The coordinators category obtained a frequency of 3 occurrences of discourse
markers composed of 15 percent of the total discourse markers in the spoken text of
Philippine drug trial proceedings. The discourse markers under this category include the
discourse marker and.
The subordinators category obtained a frequency of 8 occurrences of discourse
markers composed of 40 percent of the total discourse markers in the spoken text of
Philippine drug trial proceedings. The discourse markers under this category included:
because, or.
The conjunctive adverb category obtained a frequency of 2 occurrences of
discourse markers composed of 10 percent of the total discourse markers in the spoken text
of Philippine drug trial proceedings. The discourse markers under this category included:
but, so.
The prepositional phrase category obtained a frequency of 5 occurrences of
discourse markers composed of 25 percent of the total discourse markers in the spoken text
of Philippine drug trial proceedings. The discourse markers under this category included:
but, so.
The phrase which take as sentential complement category obtained a frequency of
2 occurrences of discourse markers composed of 10 percent of the total discourse markers
in the spoken text of Philippine drug trial proceedings. The discourse markers under this
category included: but, so.
Conclusions
Based on the findings of the study, the following conclusions were formulated:
1. Discourse markers in the spoken text in Philippine drug trial proceedings were classified
as to referential and structure.
Referential discourse markers included the following: and, but, because. or. They
were used as connectives in reference to both preceding and succeeding segments in meaning
units in conversation.
Structural discourse markers included the following: so. They were used to signal
topic shifting and turn-taking in the given utterance.

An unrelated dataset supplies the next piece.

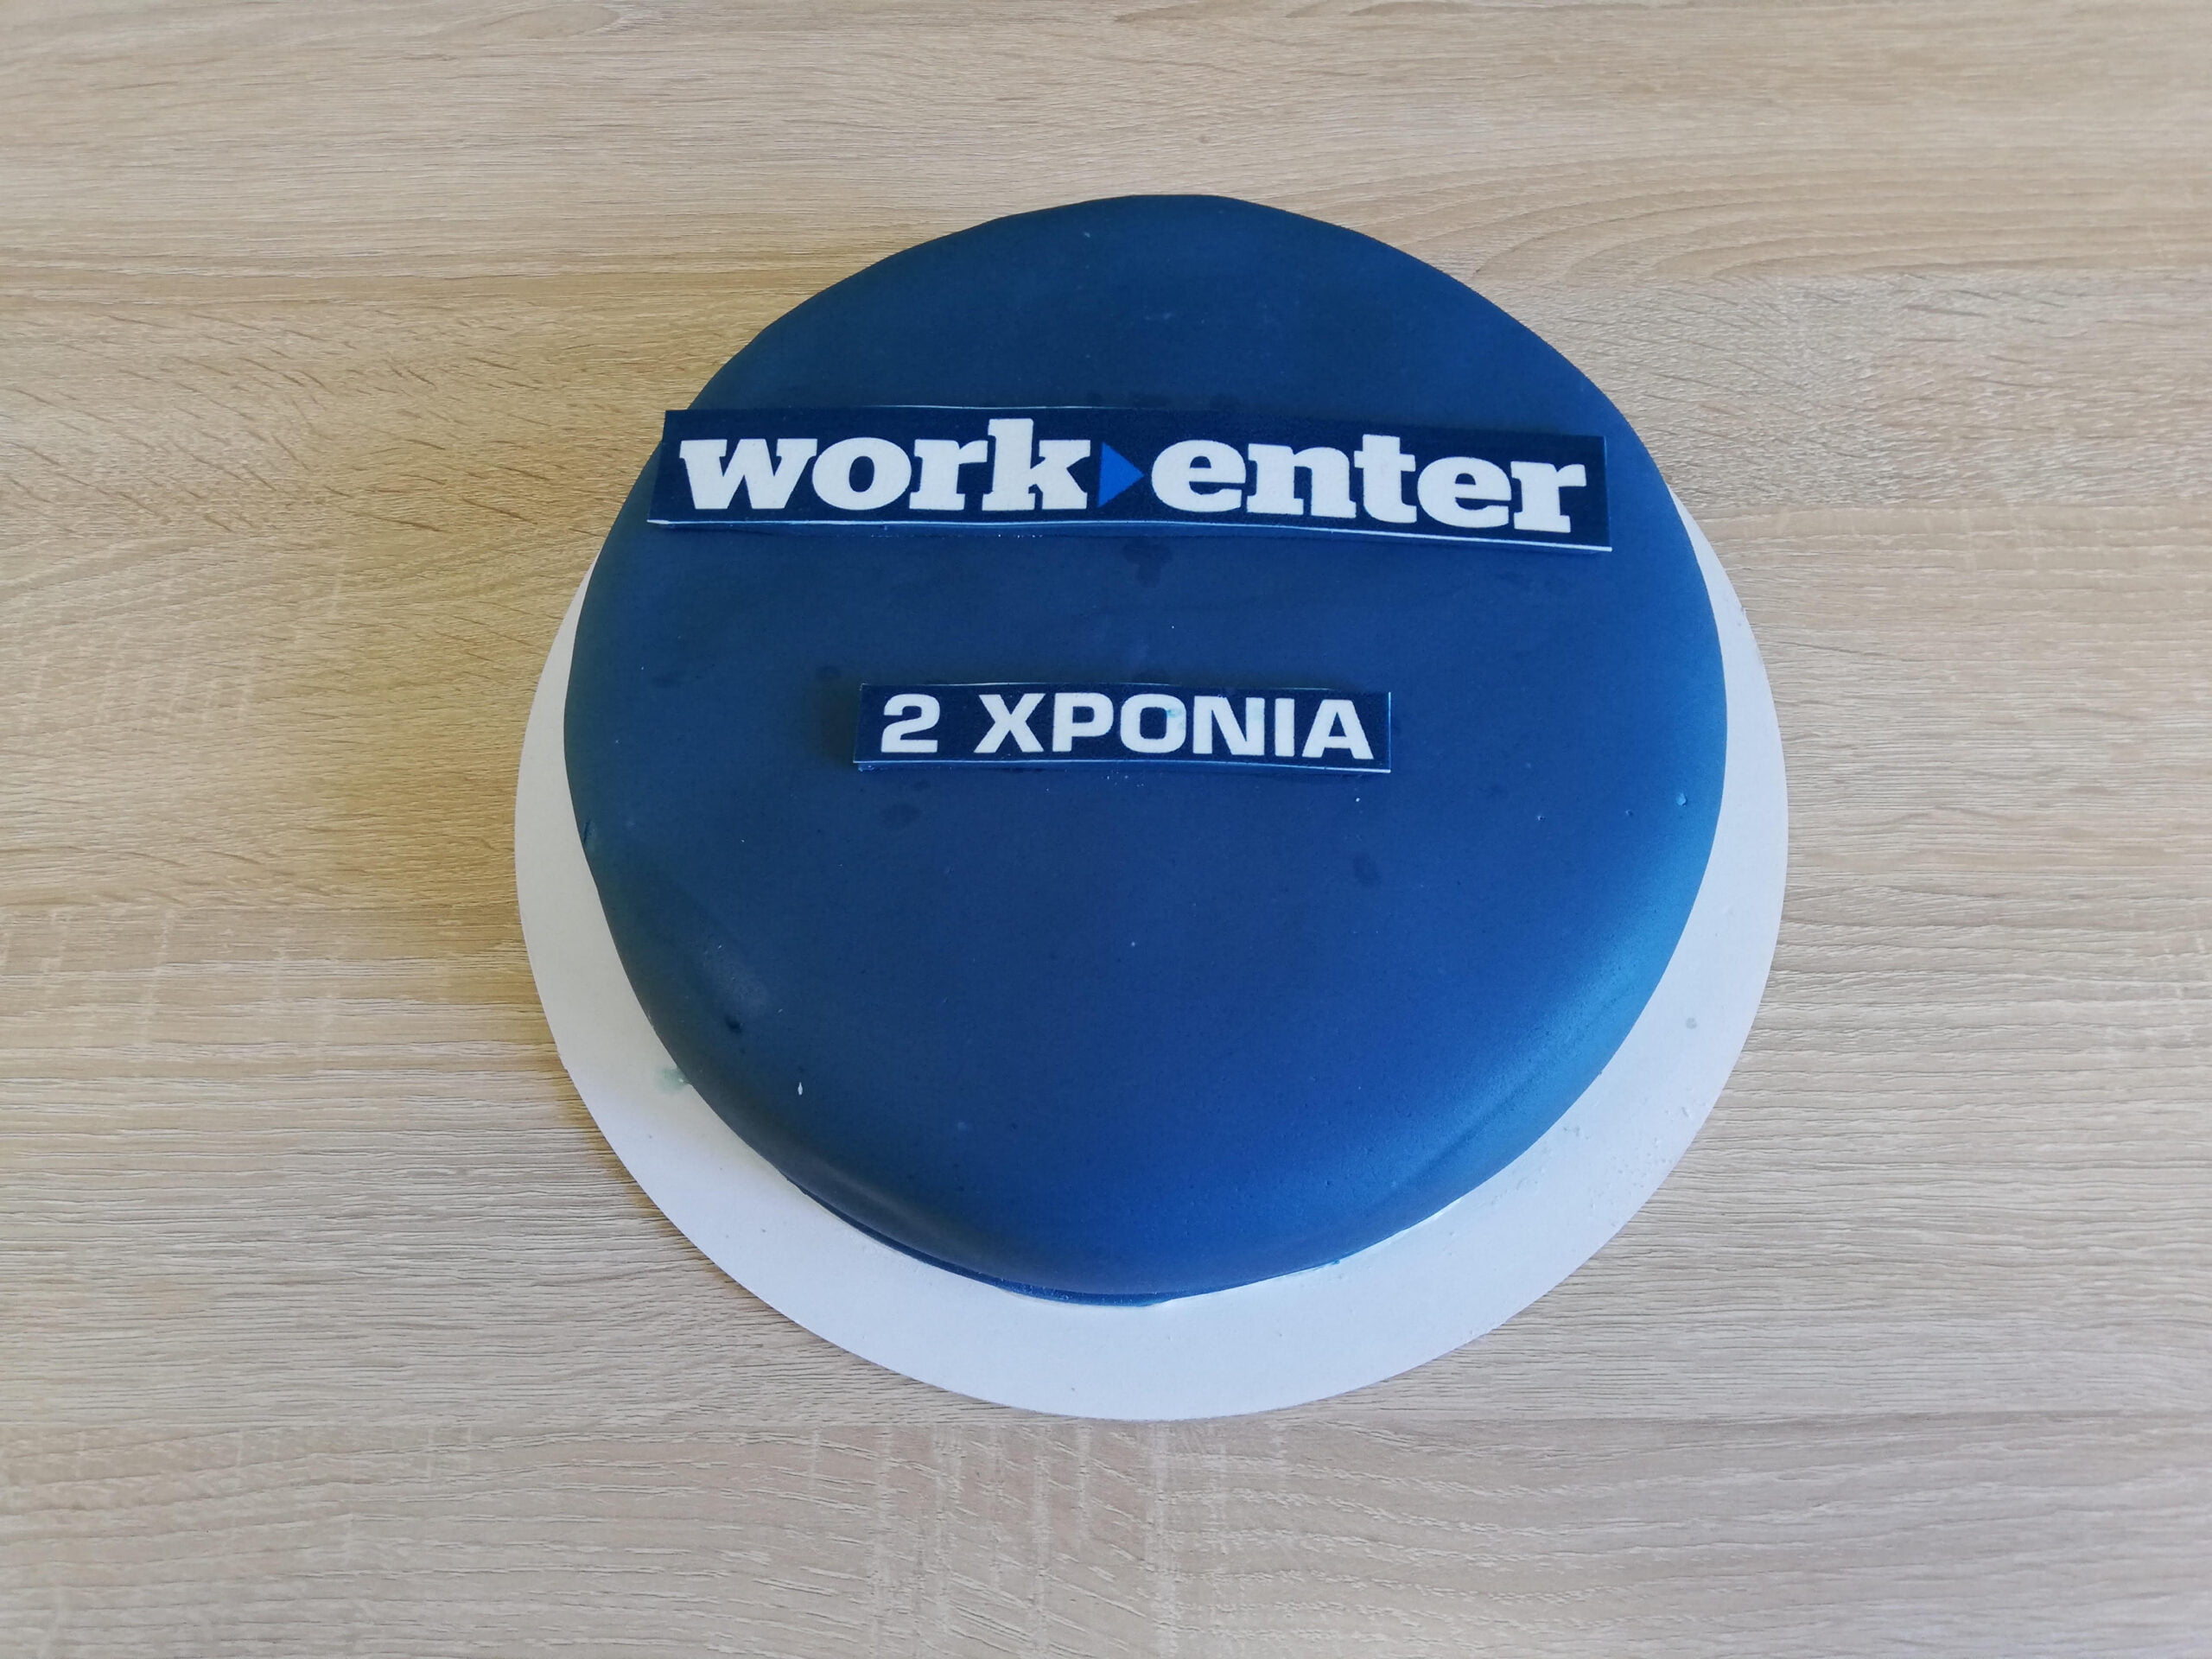 workenter.gr: Δύο χρόνια μαζί!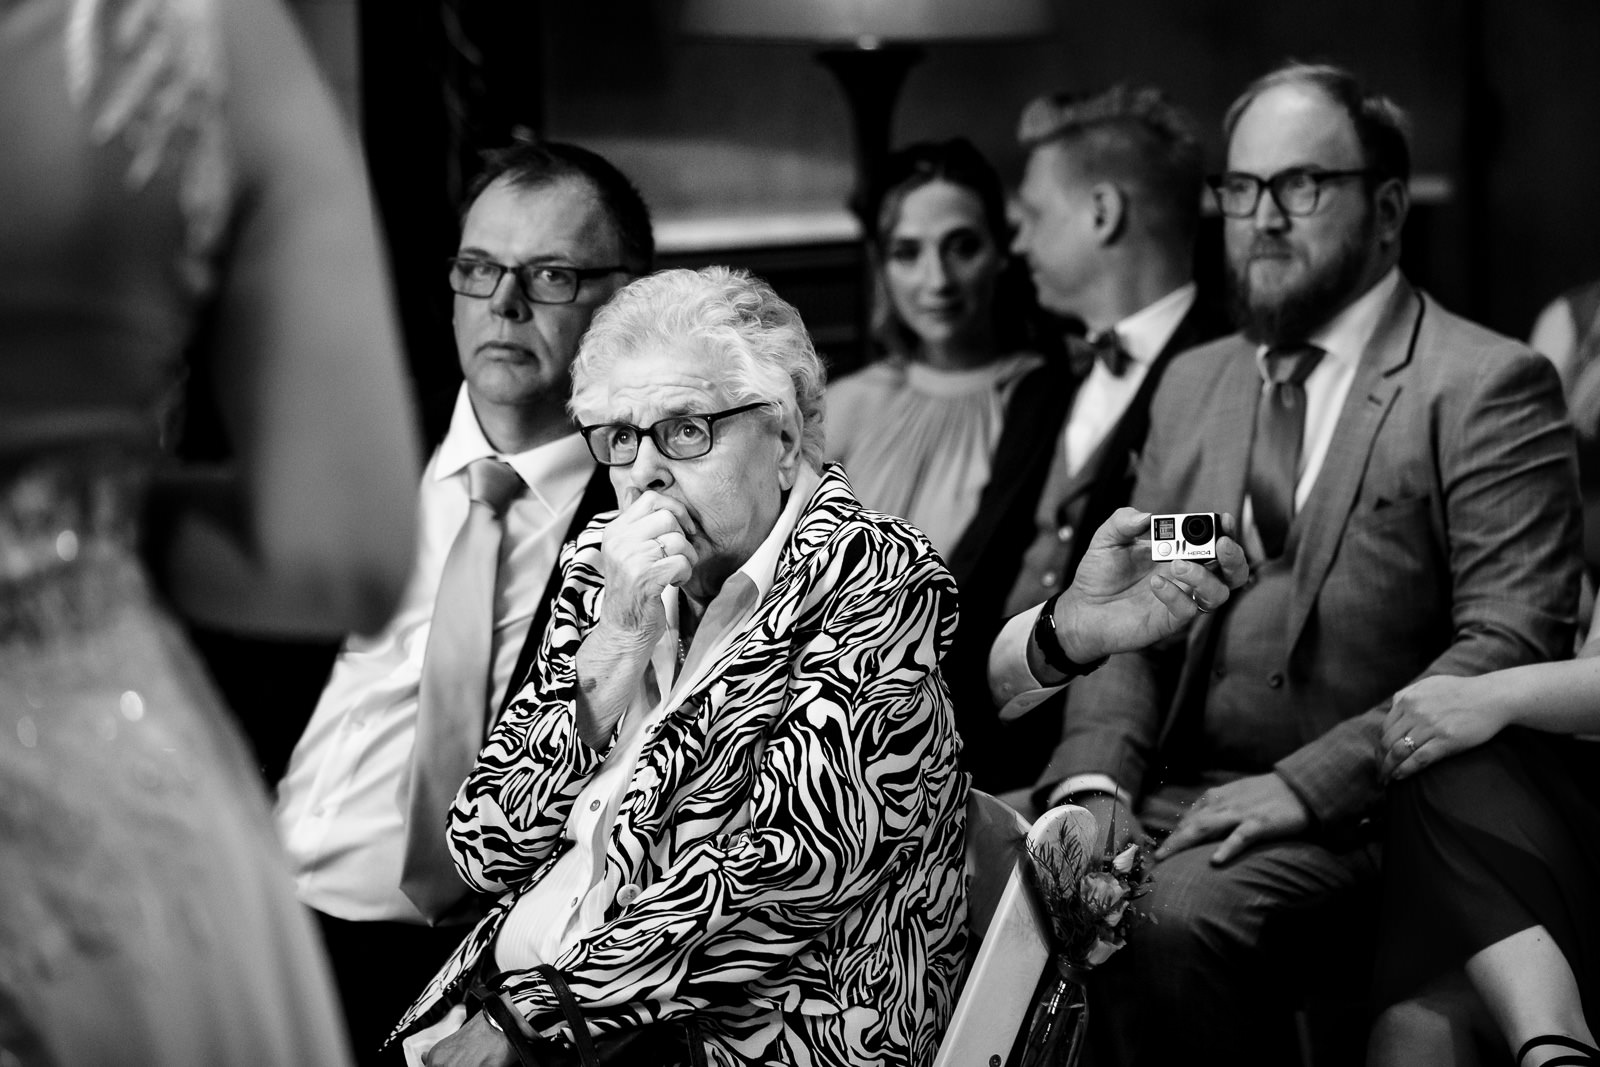 grandma at wedding ceremony by wedding photographer The Hague

2. The functions of discourse markers in Philippine Drug Trials included the following: cause;
contrast; coordination; option/provision; sequence; and continuation of topics.
Recommendations
Based on the findings and the conclusions in this study, the following recommendations
were made:
A. For the Law Teachers
1. Law Teachers may use the concept of discourse markers in analyzing the ways on how the
learners present their ideas logically and critically as indicated by the discourse markers use.
2. Analyze the speaking skills of the learners in the context of Philippine English by focusing
on how the learners show responses, continue conversations, open and close topics, mark
shared knowledge, summarize topics, provide corrections and elaborations, show topic
shifts, and other ways on presenting their views.
B. For the Language Researchers
1. Work on a comparative study on the analysis of structures and functions of discourse
markers using other Philippine drug trial proceedings.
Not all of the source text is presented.